Most of the time we cannot help what happens to us, but we can decide what we do afterwards. Yes, our life problems are POISON and they are painful but we can choose what we do with them. For me it was starting this blog with the hopes that one day I can help one person. To help one person may not seem like a big deal but for me it is because I could’ve been that person and God knows I would’ve welcomed help with open arms.
My mission may be small to begin with but like the butterfly effect it can ripple by the way we all handle our poison. If one person gets it and tells someone else, then we can all do our little part pollinating ourselves with the knowledge that it is our choice what we do with our poison.
It is our choice!
Little known fact: we decide what we do with our lives. Not a big shocker, but how many of us go through life knowing this but never really believing it, let alone doing it? I raise my hand! To be fair, I only found this out when I studied Psychology in college and I thought I knew the secret to a happy life. So you’re thinking this probably meant I was set for a life of happiness right?
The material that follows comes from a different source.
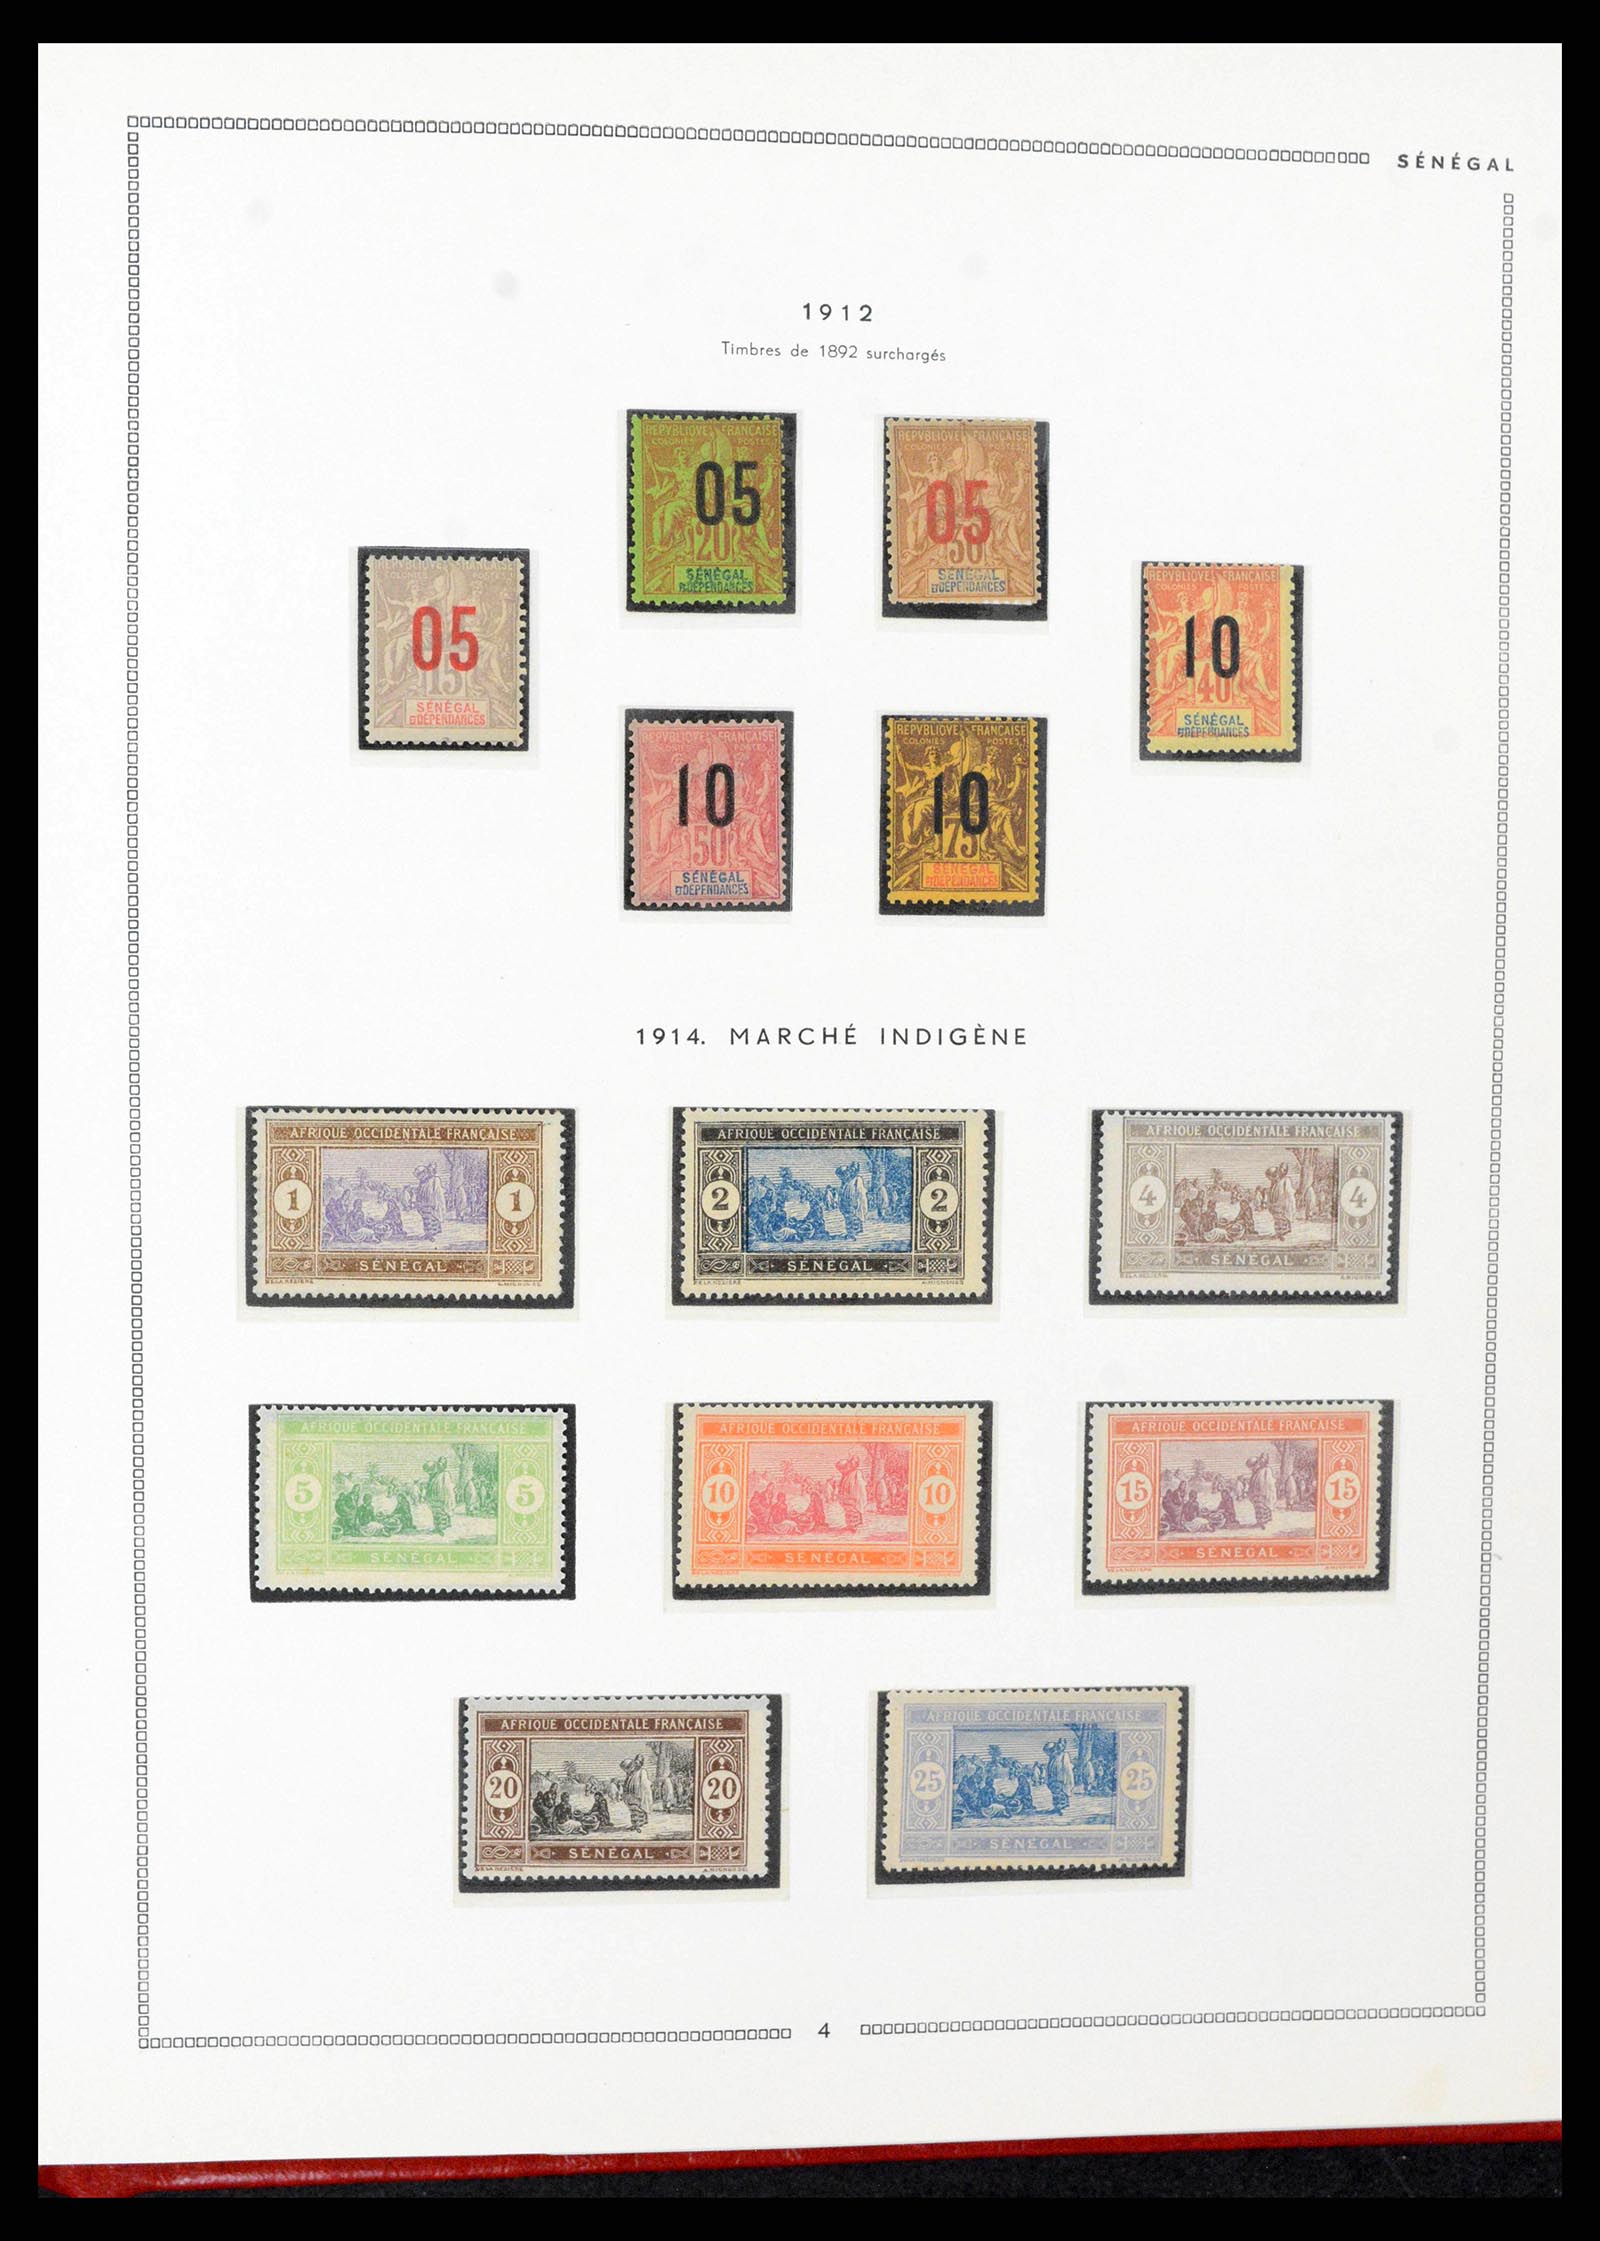 38385 0060 - Stamp collection 38385 French Colonies supercollection 1859-1975.

Little did I know that knowing something wasn’t enough, I had to actually do it. You know how they say “it’s easier said than done?”, well in this case it’s easier known that done. I can remember sitting in one of my Psychology classes listening to my professor speak about the signs of abuse and thinking hmm that sounds familiar but I’m gonna ignore that for now. You see, it was easier to just do nothing about it, so I ignored it.
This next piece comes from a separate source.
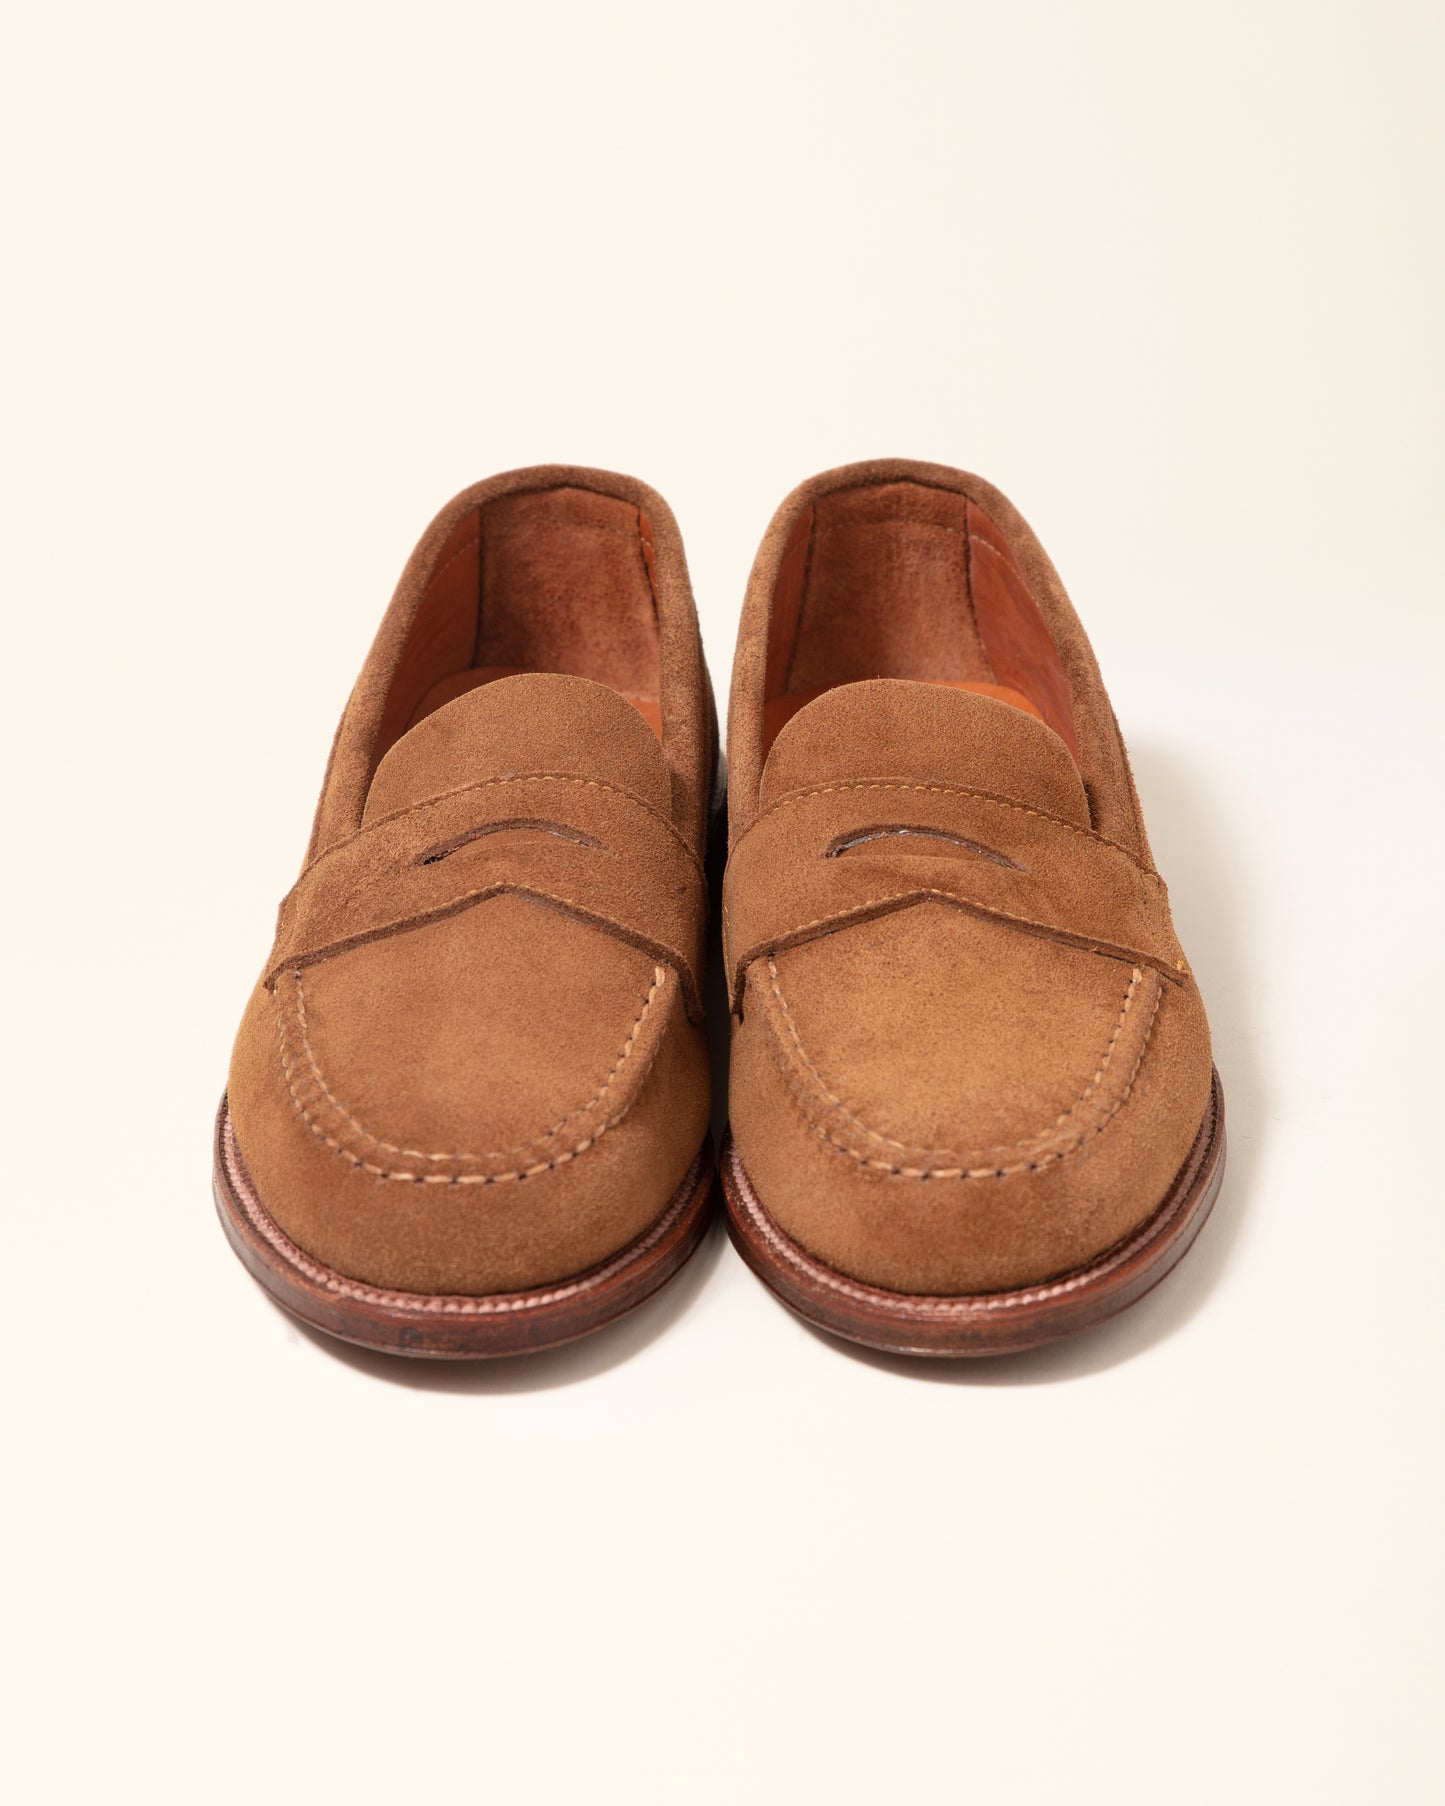 6243F Unlined Leisure Handsewn Penny Loafer in Snuff Suede, Van Last

HOW DID THAT WORK OUT FOR ME? Not so good, I learned that ignoring something doesn’t make it go away! With time it can actually get bigger and bigger until it makes life a living hell. Sure, maybe I wasn’t in the best life possible at the time but it was what it was and there was nothing I could do about it right?
AGAIN WRONG! Man, I was wrong a lot.
You can’t cover the sun with one finger.
Knowing we have a choice changes everything darling. EVERYTHING! How old was I until I finally figured this out? I was 32 to be exact. For years I battled this feeling, knowing but not doing. It’s the worst life to live. I felt like I was a prisoner in my own life, being told what to do and when to do it? Sounds familiar? Yep, it’s the opposite of fun, it’s a prison. And in this prison you get fed poison and this poison sickens you to the point where you can’t think for yourself, you can’t act for yourself anymore and you become a victim to yourself.
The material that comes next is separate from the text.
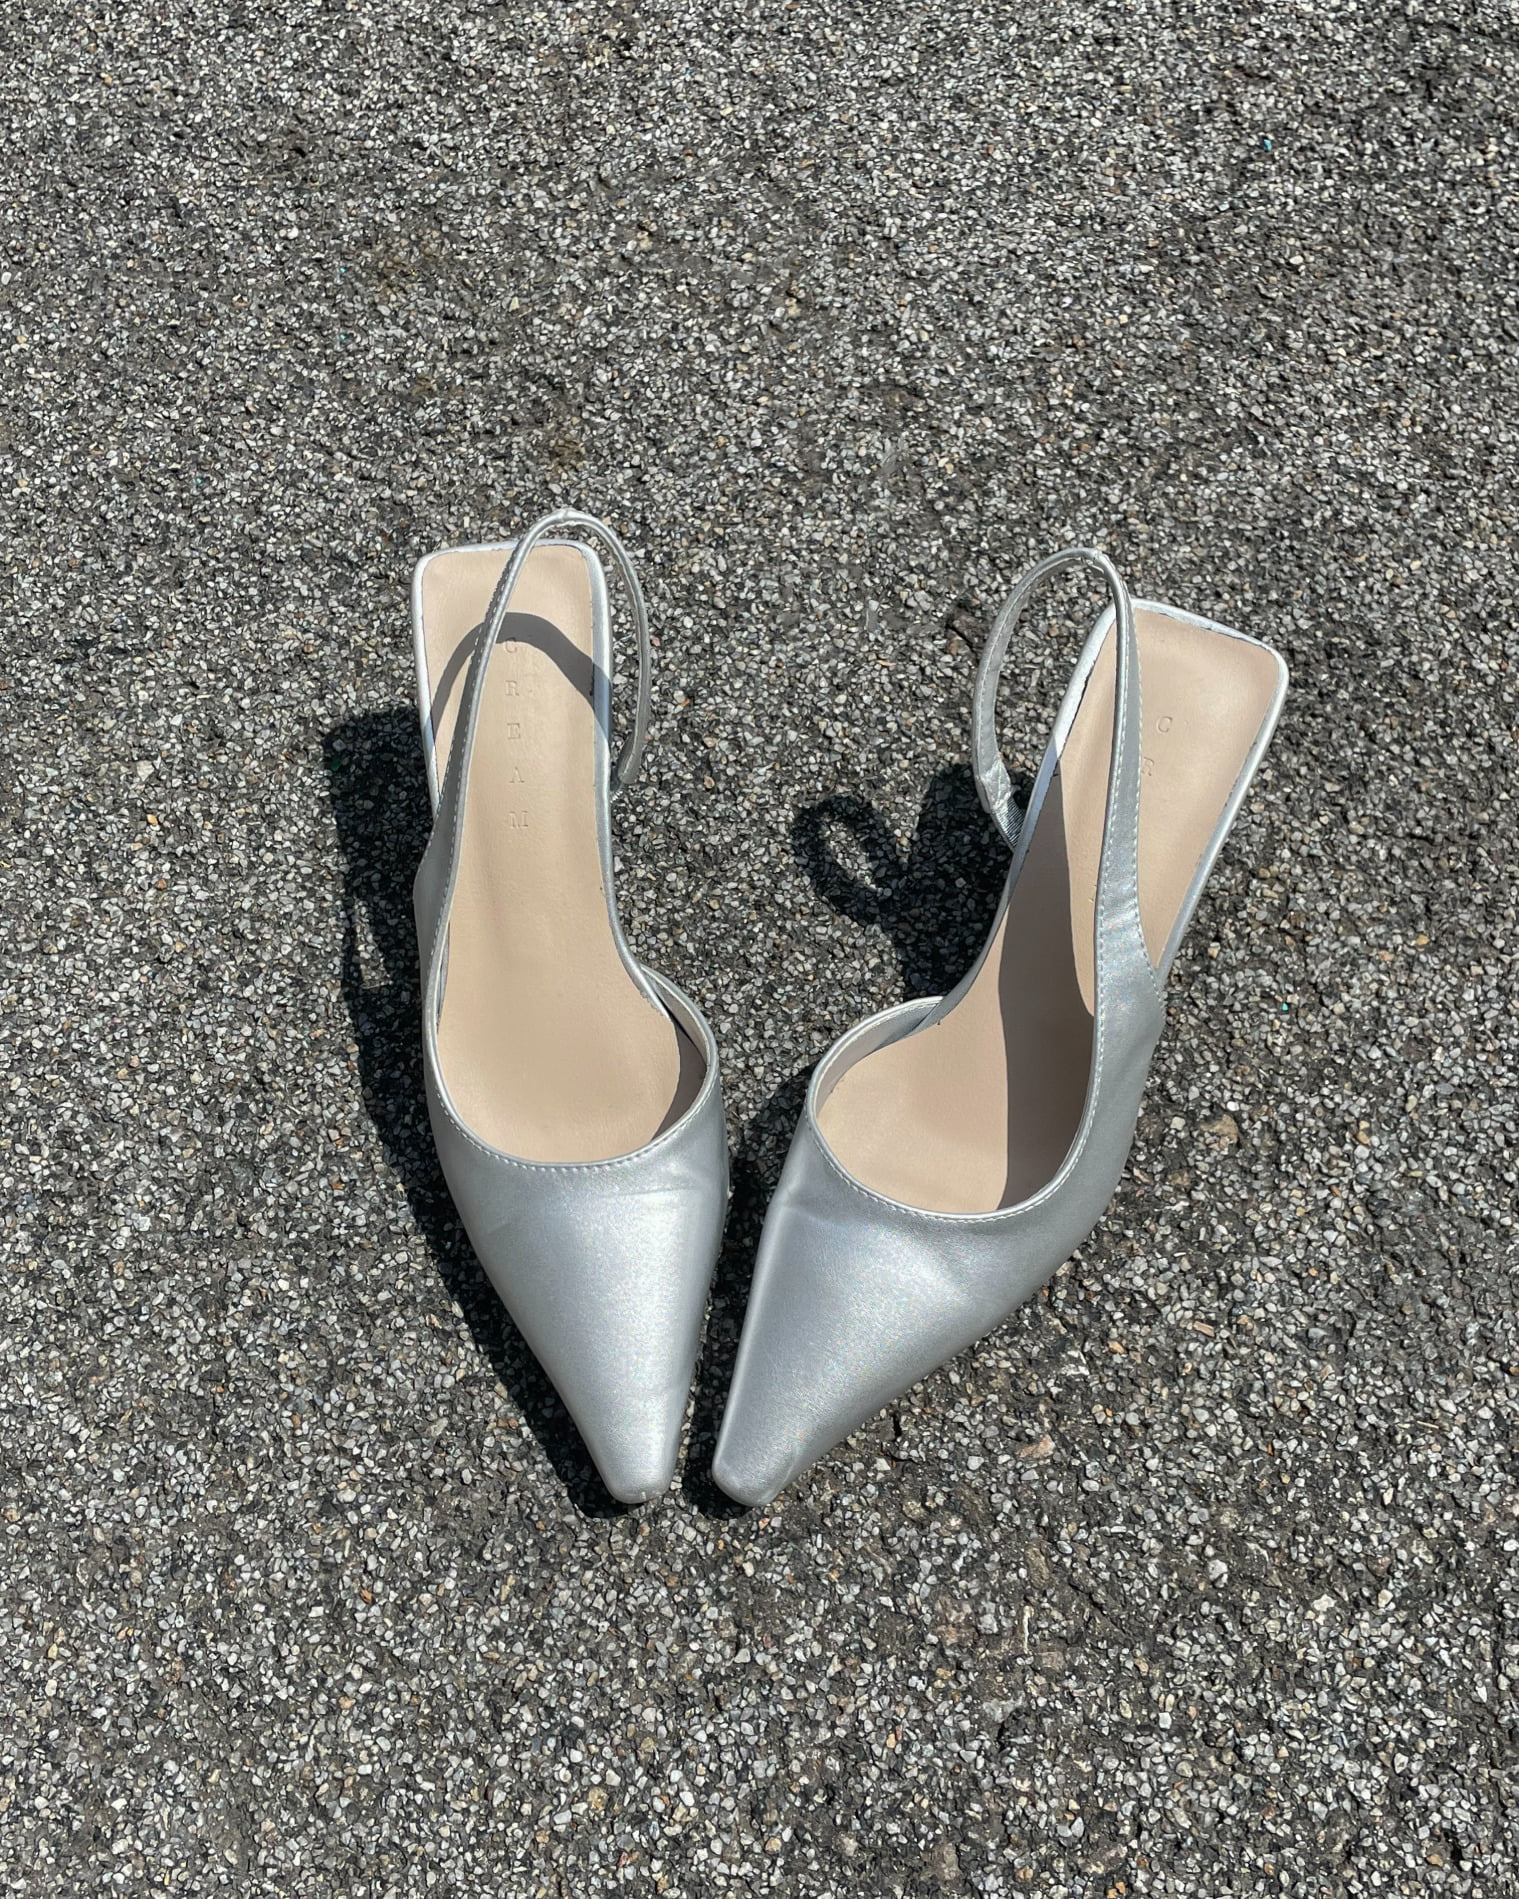 Pointed slingback

A VICTIM TO YOURSELF! This is deep.
This is the cold water I was talking about. This is the ugly truth. We have always been in control but we didn’t know or didn’t do anything about it. We have always had the power, but we told ourselves we didn’t and we believed it. We were a victim of our own doing. We have no one to blame for our decisions but ourselves. In my 30s I finally stood up for myself, I finally DID something about it. Knowing is NOT enough, you have to ACT.
AGAIN, KNOWING IS NOT ENOUGH.
This is why I wanted to start this blog journey with turning your poison into honey. After years of finally finding myself, I have decided to turn all the hardships I’ve gone though along with all the knowledge I’ve learned along the way to help others. And boy are there others!
What I love about women is our own innate desire to nurture and empowering others. We are mothers, it’s what we do naturally! Now that we know we posses this honey inside us, we are not going anywhere. Like bees we must come together for a better community of confident women feeling loved and accepted for who we are. We will no longer crave the shallow feeling of attention from men when we are already getting it from our own selves. That’s the power behind our movement.
Here we go bees. We need to turn our poison (struggles) into HONEY (love, respect, kindness) and share it with others. Like bees, one might not be strong enough but when we come together we become a force to be reckoned with.
THERE IS NOTHING MORE POWERFUL THAN A GROUP OF CONFIDENT WOMEN. NOTHING.